Note that the content of this section is only valid for fixest
version 0.8.1 or later.
For staggered difference-in-difference analyzes, the method of Sun and Abraham (forthcoming, Journal of Econometrics) has been implemented. You first need to use i()
to insert cohort x time to treatment
dummies, then you have to use the function aggregate
to recover the yearly treatment effects. There is also a new argument agg
in the functions summary
and etable
.
Here’s an example with generated data where different cohorts get the treatment at different periods, and the effect of the treatment is cohort-specific and increasing over time.
#
# Data
#
set.seed(1)
n_group = 20
n_per_group = 5
id_i = paste0((1:n_group), ":", rep(1:n_per_group, each = n_group))
id_t = 1:10
base = expand.grid(id = id_i, year = id_t)
base$group = as.numeric(gsub(":.+", "", base$id))
base$year_treated = base$group
base$year_treated[base$group > 10] = 10000
base$treat_post = (base$year >= base$year_treated) * 1
base$time_to_treatment = pmax(base$year - base$year_treated, -1000)
base$treated = (base$year_treated < 10000) * 1
# The effect of the treatment is cohort specific and increases with time
base$y_true = base$treat_post * (1 + 1 * base$time_to_treatment - 1 * base$group)
base$y = base$y_true + rnorm(nrow(base))
# Note that the time_to_treatment for controls is set to -1000
# we need to drop the always treated
base = base[base$group > 1,]
#
# Estimations
#
# "Regular" DiD
res_naive = feols(y ~ i(treated, time_to_treatment, ref = -1, drop = -1000) | id + year, base)

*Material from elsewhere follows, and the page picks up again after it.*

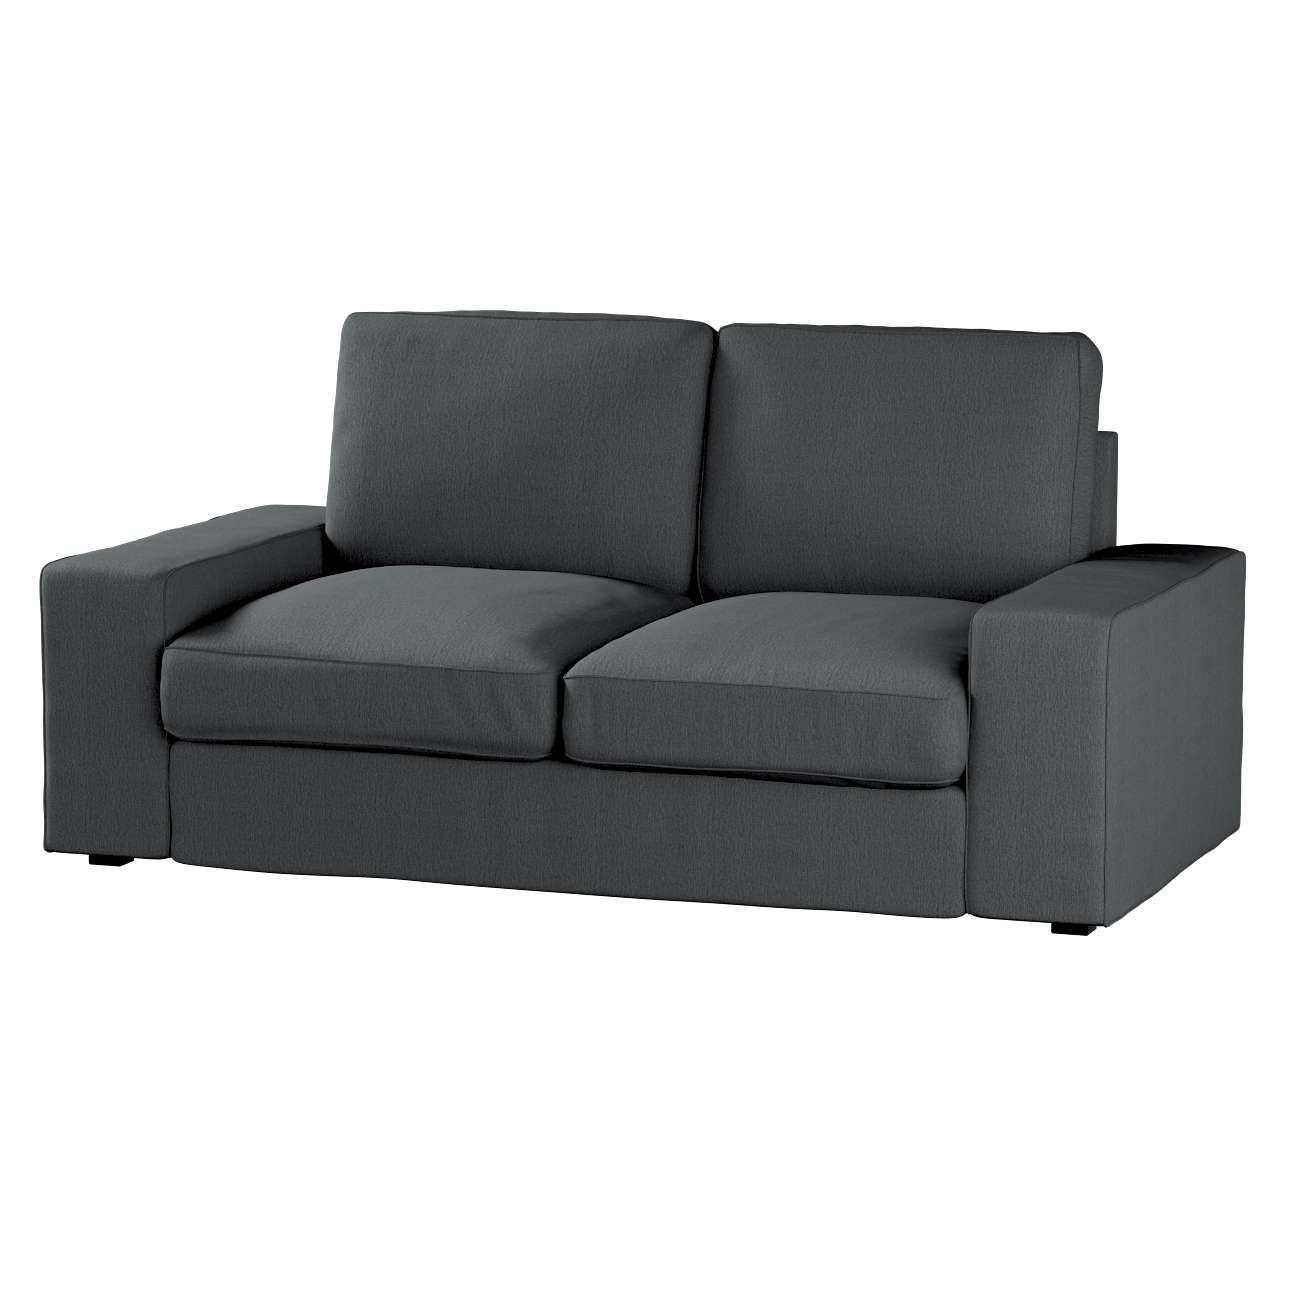 KIVIK dvivietės sofos užvalkalas Kivik 2-seat sofa kolekcijoje Chenille, audinys: 702-20

# with cohort x time to treatment dummies
res_cohort = feols(y ~ i(time_to_treatment, f2 = group, drop = c(-1, -1000)) | id + year, base)
# Looking at the difference between estimates
coefplot(res_naive, ylim = c(-6, 8))
att_true = tapply(base$y_true, base$time_to_treatment, mean)[-1]
points(-9:8 + 0.15, att_true, pch = 15, col = 2)
# SA method: we aggregate the effects for each period
agg_coef = aggregate(res_cohort, "(ti.*nt)::(-?[[:digit:]])")
x = c(-9:-2, 0:8) + .35
points(x, agg_coef[, 1], pch = 17, col = 4)
ci_low = agg_coef[, 1] - 1.96 * agg_coef[, 2]
ci_up = agg_coef[, 1] + 1.96 * agg_coef[, 2]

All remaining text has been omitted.